Activity:
Only the lines from the one containing "If She Loves" through the end of the listing are to be repeated, exactly and without pictures.

Data provided:

--- START ---

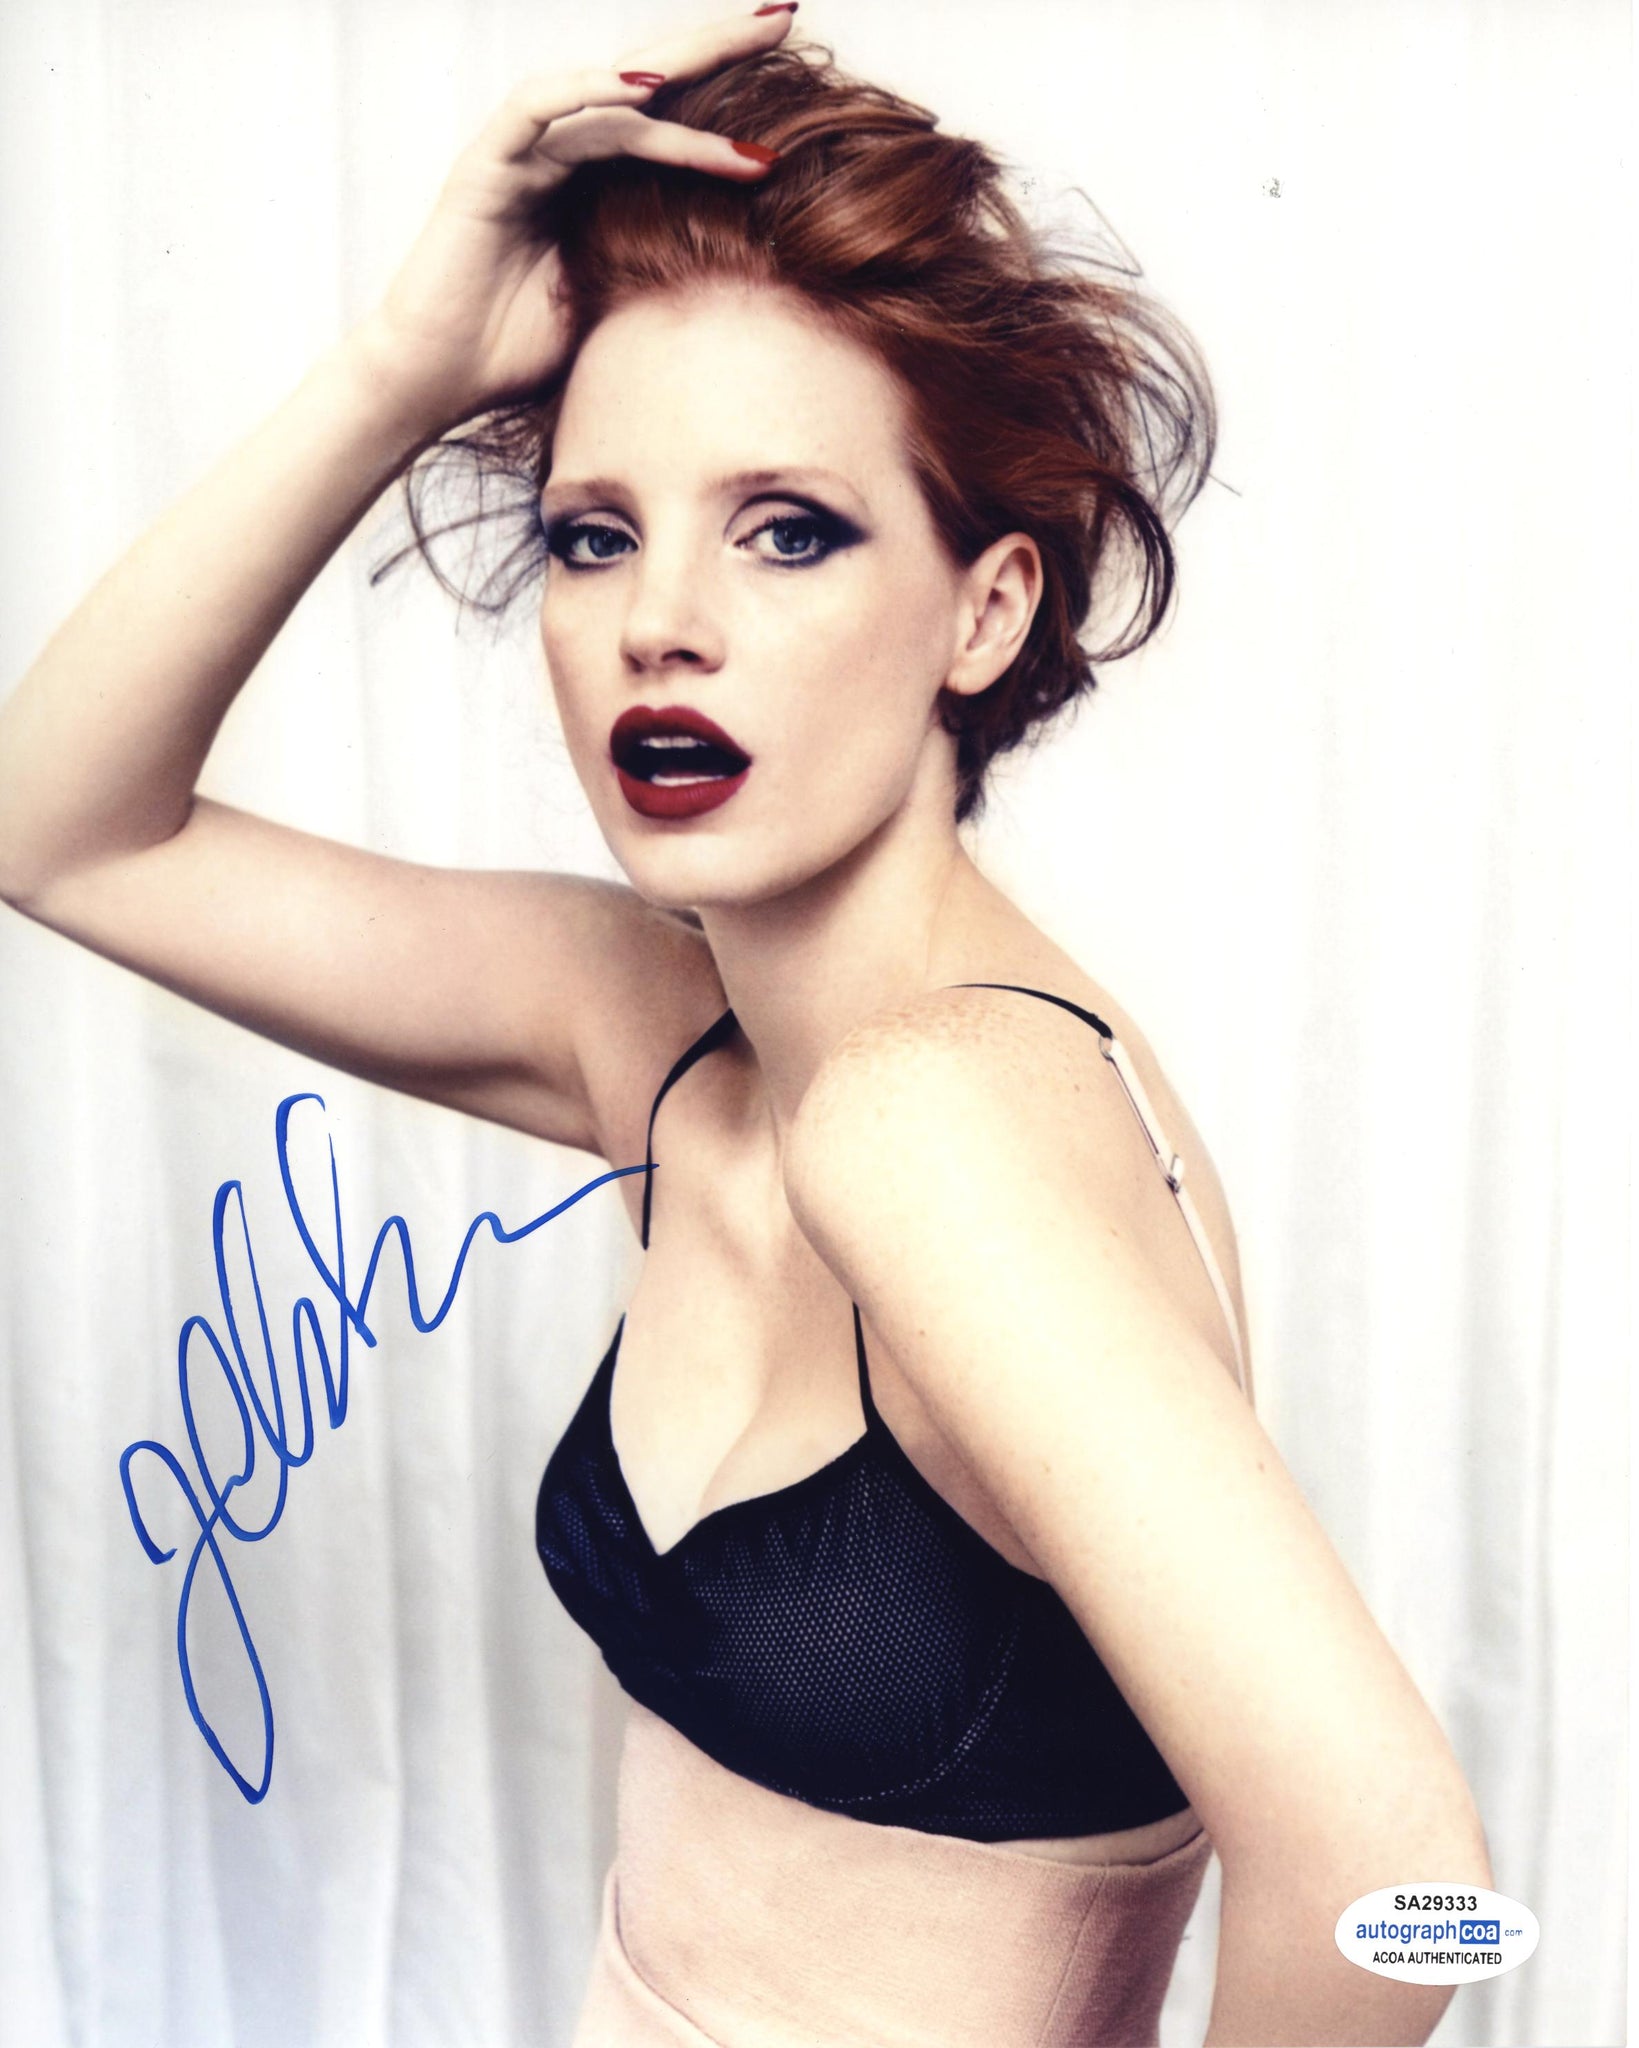 Jessica Chastain Sexy Signed Autograph 8x10 Photo ACOA #4 - Outlaw Hobbies Authentic Autographs
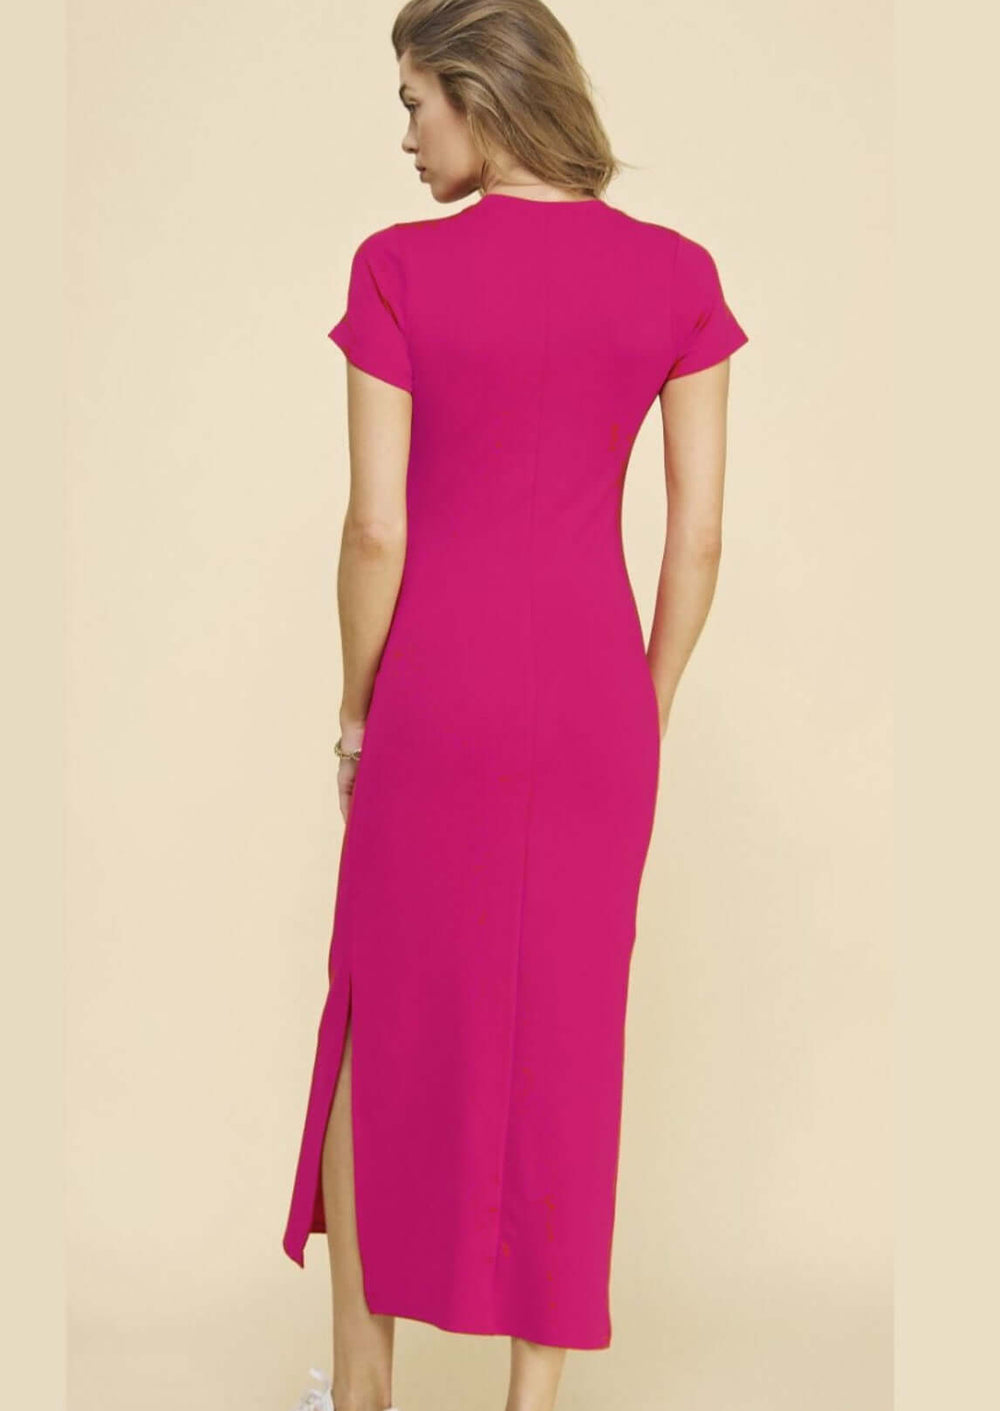 If She Loves Style# ISD1295 | Women's Tie Side Fuchsia Fitted Midi Dress with Side Slits | Made in USA | Classy Cozy Cool Women's Made in America Clothing Boutique
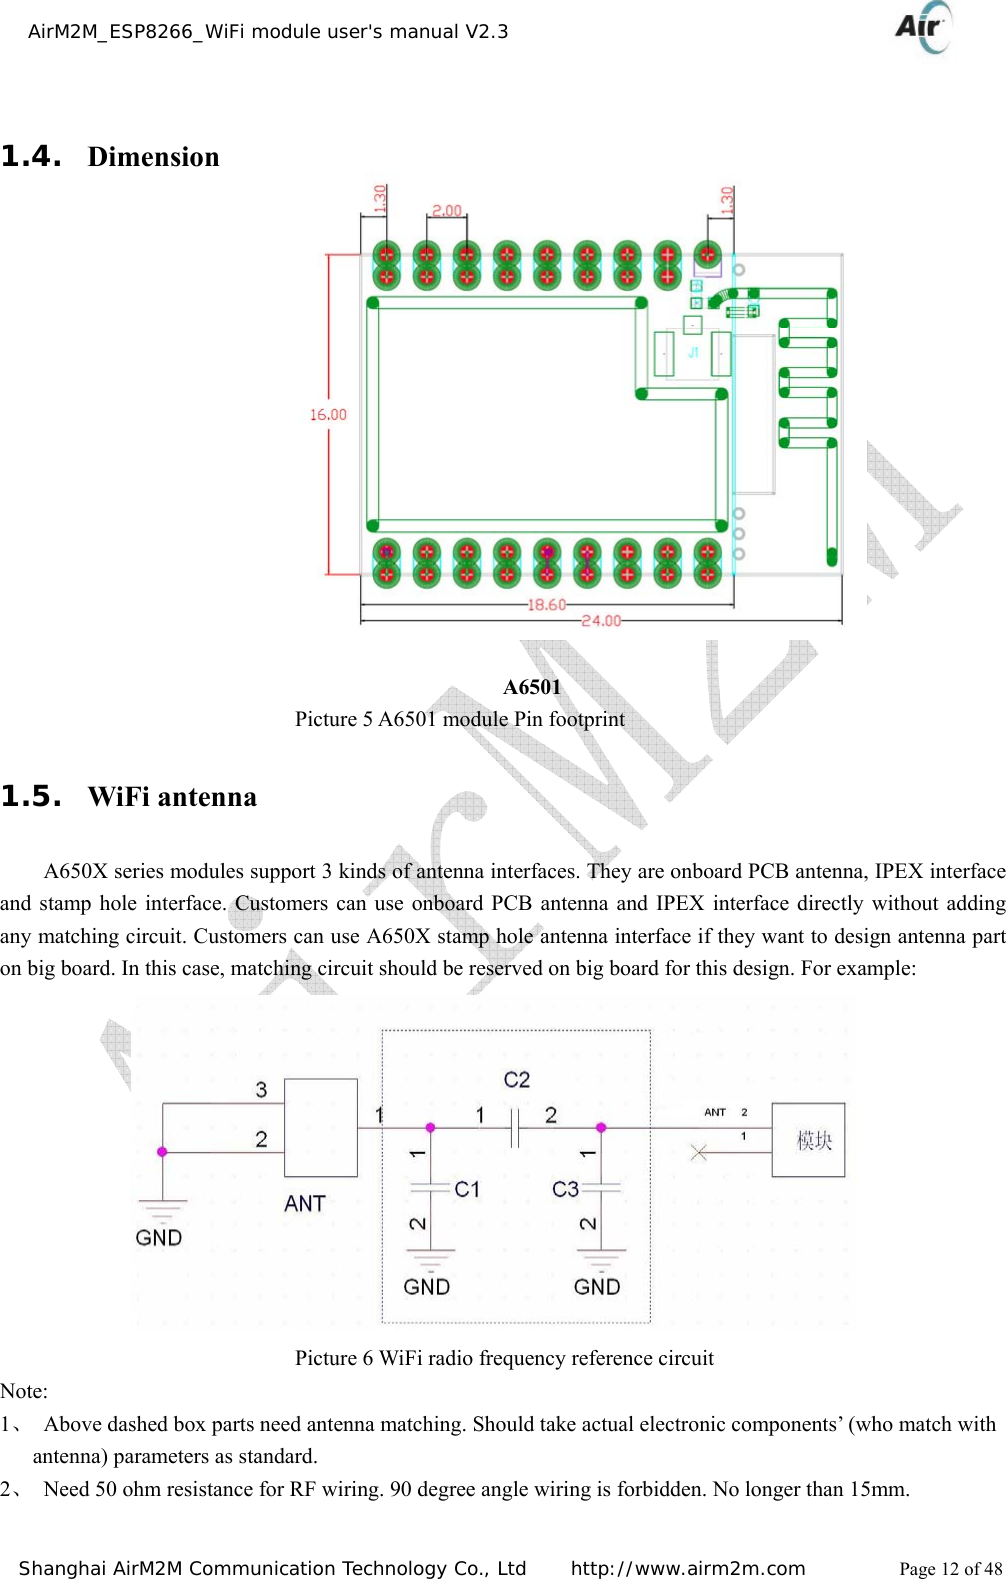    AirM2M_ESP8266_WiFi module user&apos;s manual V2.3   Shanghai AirM2M Communication Technology Co., Ltd     http://www.airm2m.com          Page 12 of 48  1.4. Dimension                                                             A6501                            Picture 5 A6501 module Pin footprint 1.5. WiFi antenna A650X series modules support 3 kinds of antenna interfaces. They are onboard PCB antenna, IPEX interface and stamp hole interface. Customers can use onboard PCB antenna and IPEX interface directly without adding any matching circuit. Customers can use A650X stamp hole antenna interface if they want to design antenna part on big board. In this case, matching circuit should be reserved on big board for this design. For example:                             Picture 6 WiFi radio frequency reference circuit Note:  1、 Above dashed box parts need antenna matching. Should take actual electronic components’ (who match with antenna) parameters as standard. 2、 Need 50 ohm resistance for RF wiring. 90 degree angle wiring is forbidden. No longer than 15mm.

--- END ---

Result of the exercise:
 If She Loves Style# ISD1295 | Women's Tie Side Fuchsia Fitted Midi Dress with Side Slits | Made in USA | Classy Cozy Cool Women's Made in America Clothing Boutique
    AirM2M_ESP8266_WiFi module user&apos;s manual V2.3   Shanghai AirM2M Communication Technology Co., Ltd     http://www.airm2m.com          Page 12 of 48  1.4. Dimension                                                             A6501                            Picture 5 A6501 module Pin footprint 1.5. WiFi antenna A650X series modules support 3 kinds of antenna interfaces. They are onboard PCB antenna, IPEX interface and stamp hole interface. Customers can use onboard PCB antenna and IPEX interface directly without adding any matching circuit. Customers can use A650X stamp hole antenna interface if they want to design antenna part on big board. In this case, matching circuit should be reserved on big board for this design. For example:                             Picture 6 WiFi radio frequency reference circuit Note:  1、 Above dashed box parts need antenna matching. Should take actual electronic components’ (who match with antenna) parameters as standard. 2、 Need 50 ohm resistance for RF wiring. 90 degree angle wiring is forbidden. No longer than 15mm.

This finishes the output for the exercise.